Once we’d gone, we’d been stuck there. Stuck as my grandmother grew skinny in a matter of weeks, as my mother and my aunts washed her, faces lined with purpose. Stuck as everyone shuffled in wearing black and wailed in the front room with the big TV that looked like it was from the 1950s, and which had long been repurposed into a display case for knickknacks. Stuck after that, too, while the sisters decided what to do with the house, hinting it was time for us to go so the mud-walled place could be sold.
Stuck w
hen we couldn’t get a visa to come back to the US because we’d overstayed our last one.

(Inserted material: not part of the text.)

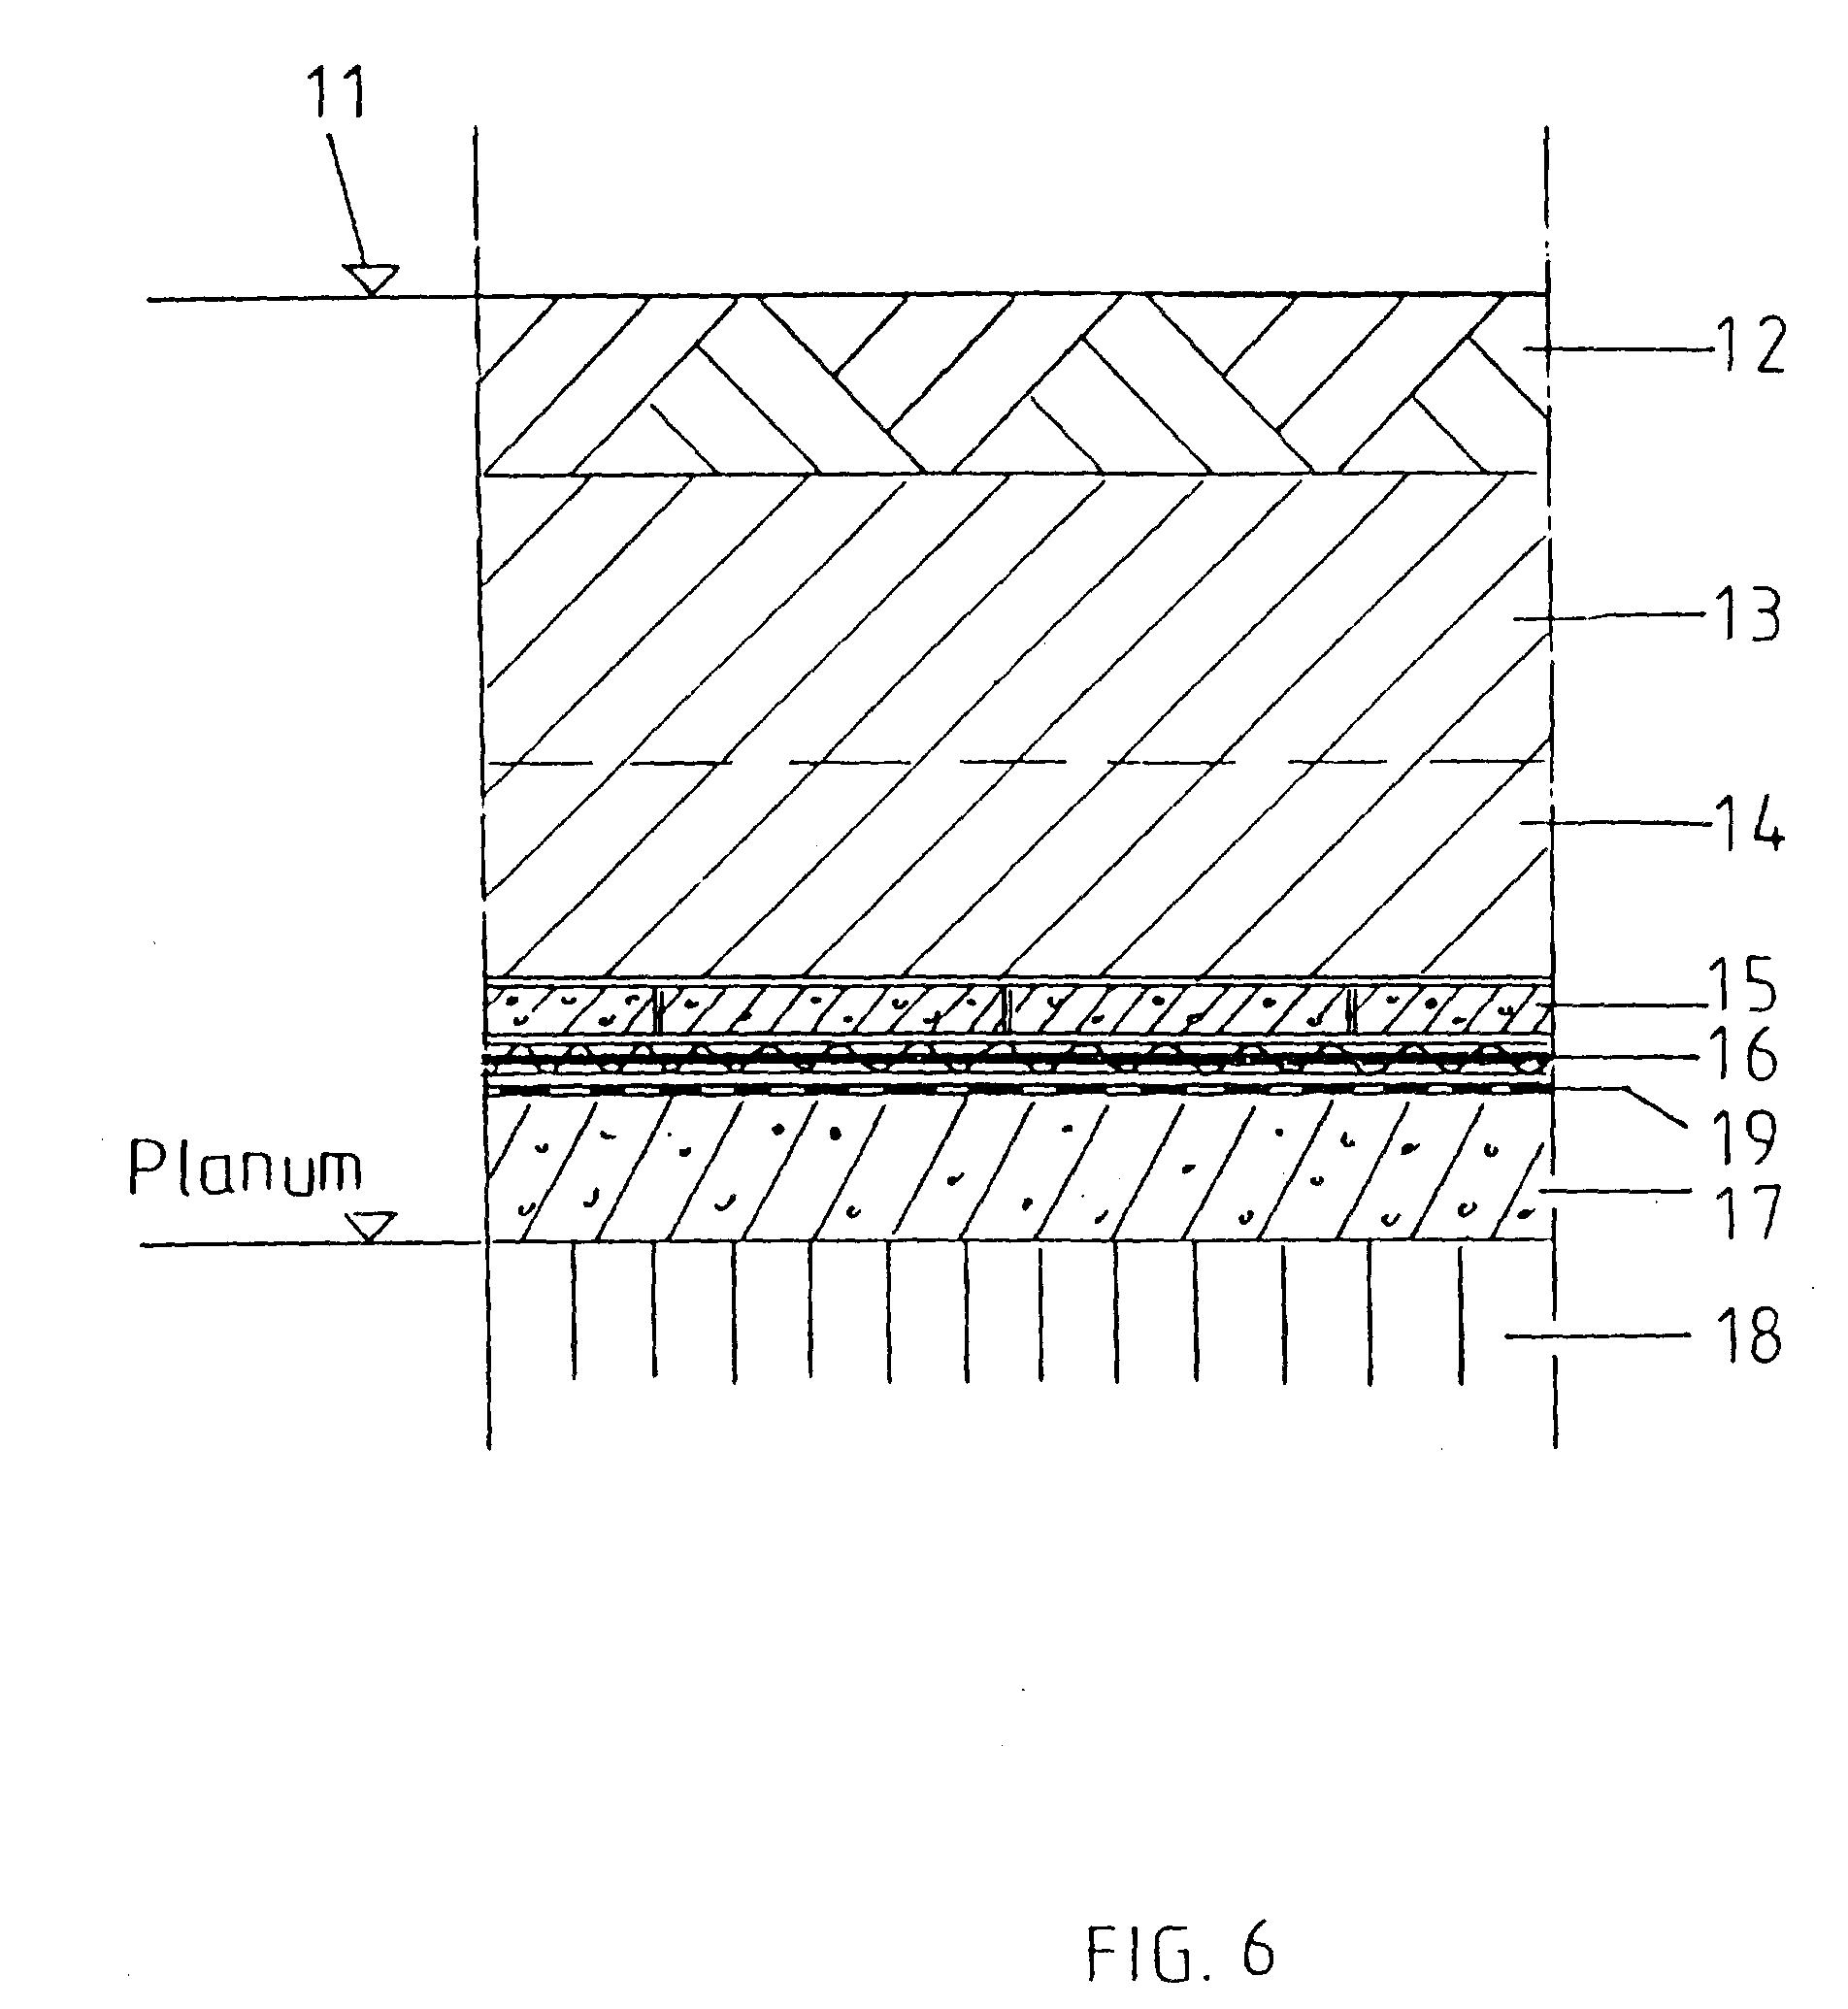 patent ep0625962b1 verfahren und anlage zur herstellung eigenschaftsmodifizierter werkstoffe. Black Bedroom Furniture Sets. Home Design Ideas
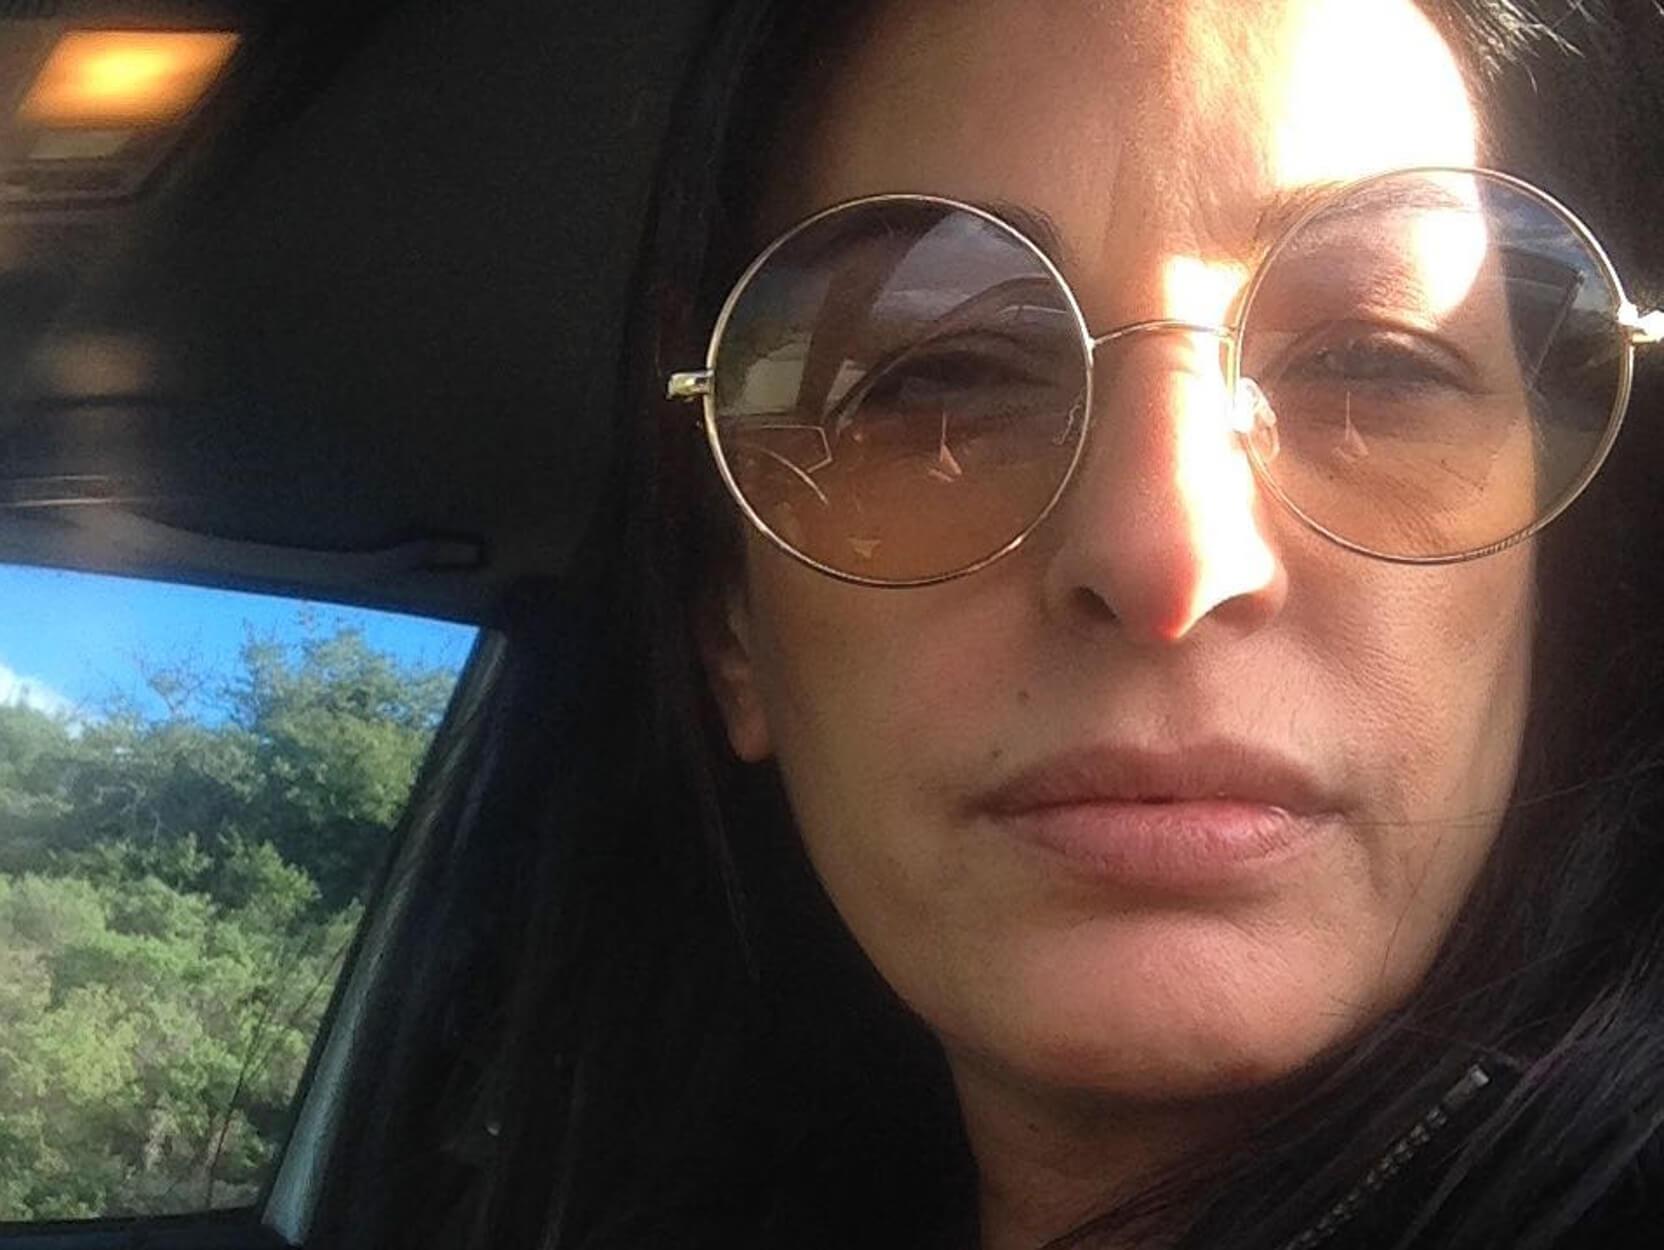 Μυρσίνη Λοΐζου: Τι δηλώνει η κόρη του Μάνου Λοϊζου για τη συμμετοχή της στο ευρωψηφοδέλτιο του ΣΥΡΙΖΑ

My mother had tried bribes and long lines, but we didn’t get a visa. She signed away her rights to her share of her mother’s house for enough money for us to take a plane to Mexico and then paid a guy to smuggle us in. On the US side the guy who’d led us across stuck us in a room with peeling wallpaper and told my mother he wouldn’t let us out until we paid him more. But he did let us out.
I never did find out how my mother paid what he asked for, because by that point all she had was a ten-dollar bill in a fake pocket she’d sewn into her bra.
* * *
I shake the memory away. Scofield is definitely going to give me a detention. But it might just be worth it. The book was so engrossing, the descriptions so alive and intoxicating, that it was as if it had bewitched me to keep reading. An alchemist is not a curandero, but there were similarities between the book and my memories of Don Isidro. Maybe it wasn’t the smell that reminded me of my mother’s visit to Don Isidro, but the magical ether that seemed to run through the two things.
They were the same, the alchemist from the book and old Don Isidro, in ways I couldn’t identify on a test, in ways I felt somewhere behind my throat. But not entirely. The alchemist falls in love with a showgirl and creates the most magical theater in all of London, where people for hundreds of miles come to be mesmerized and amazed, just like the women of my mother’s town were amazed. Who knows what Don Isidro was up to, why he left and roamed and came back unexpectedly. Maybe he ran a secret magical theater too.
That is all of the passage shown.